Romanian DistilBERT is 35% smaller than the original Romanian BERT.

| Model                          | Size (MB) | Params (Millions) |
|--------------------------------|:---------:|:----------------:| 
| bert-base-romanian-cased-v1    | 477.2 | 124.4 |
| distilbert-base-romanian-cased | 312.7 | 81.3 |

## Evaluation

We evaluated the Romanian DistilBERT in comparison with the original Romanian BERT on 5 tasks:

- **UPOS**: Universal Part of Speech (F1-macro)
- **XPOS**: Extended Part of Speech (F1-macro)
- **NER**: Named Entity Recognition (F1-macro)
- **SAPN**: Sentiment Anlaysis - Positive vs Negative (Accuracy)
- **SAR**: Sentiment Analysis - Rating (F1-macro)
- **DI**: Dialect identification  (F1-macro)
- **STS**: Semantic Textual Similarity (Pearson)
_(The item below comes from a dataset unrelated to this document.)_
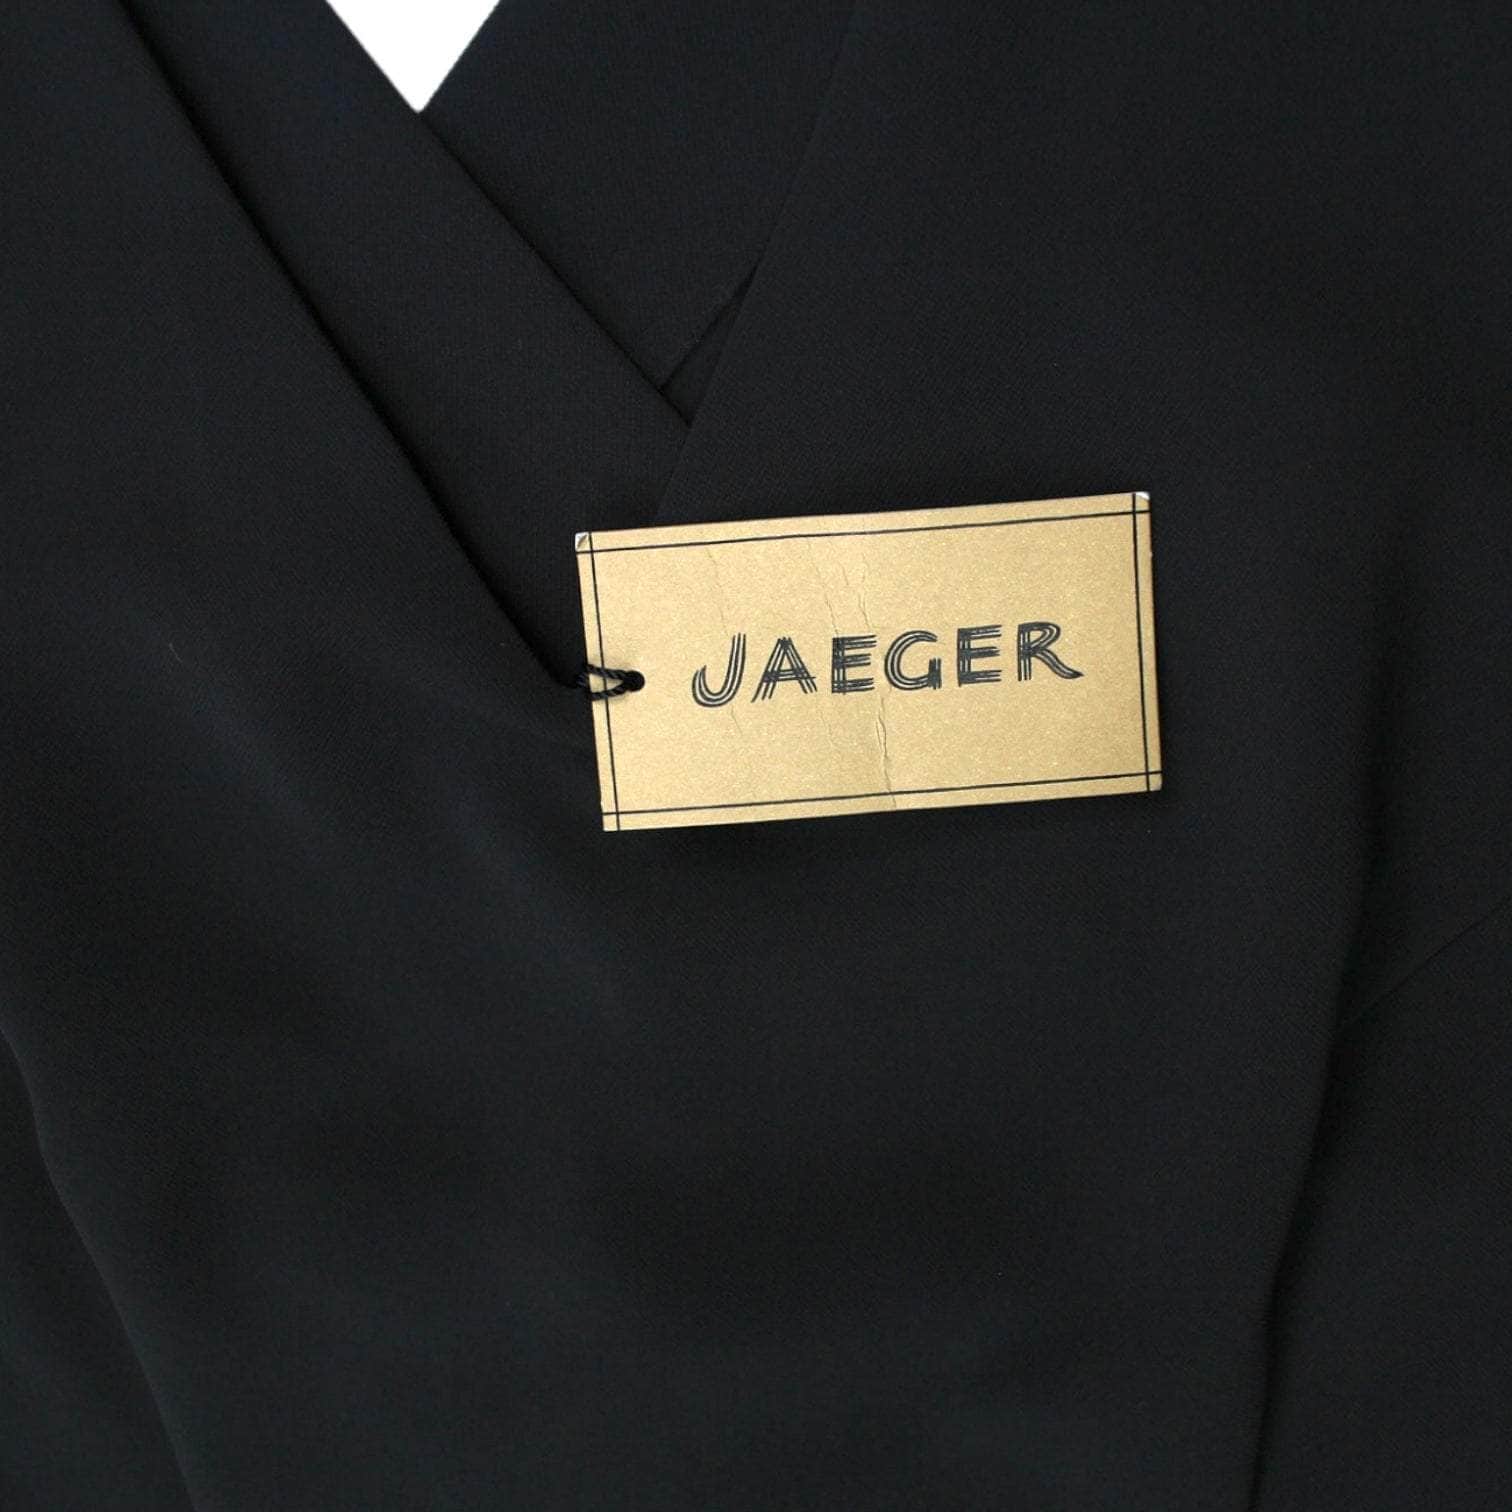 Jaeger Black V-neck Sleeveless Blouse

| Model                          | UPOS | XPOS | NER | SAPN | SAR | DI | STS |
|--------------------------------|:----:|:----:|:---:|:----:|:---:|:--:|:---:|
| bert-base-romanian-cased-v1    | 98.00 | 96.46 | 85.88 | 98.07 | 79.61 | 95.58 | 79.11 |
| distilbert-base-romanian-cased | 97.97 | 97.08 | 83.35 | 98.40 | 83.01 | 96.31 | 80.57 |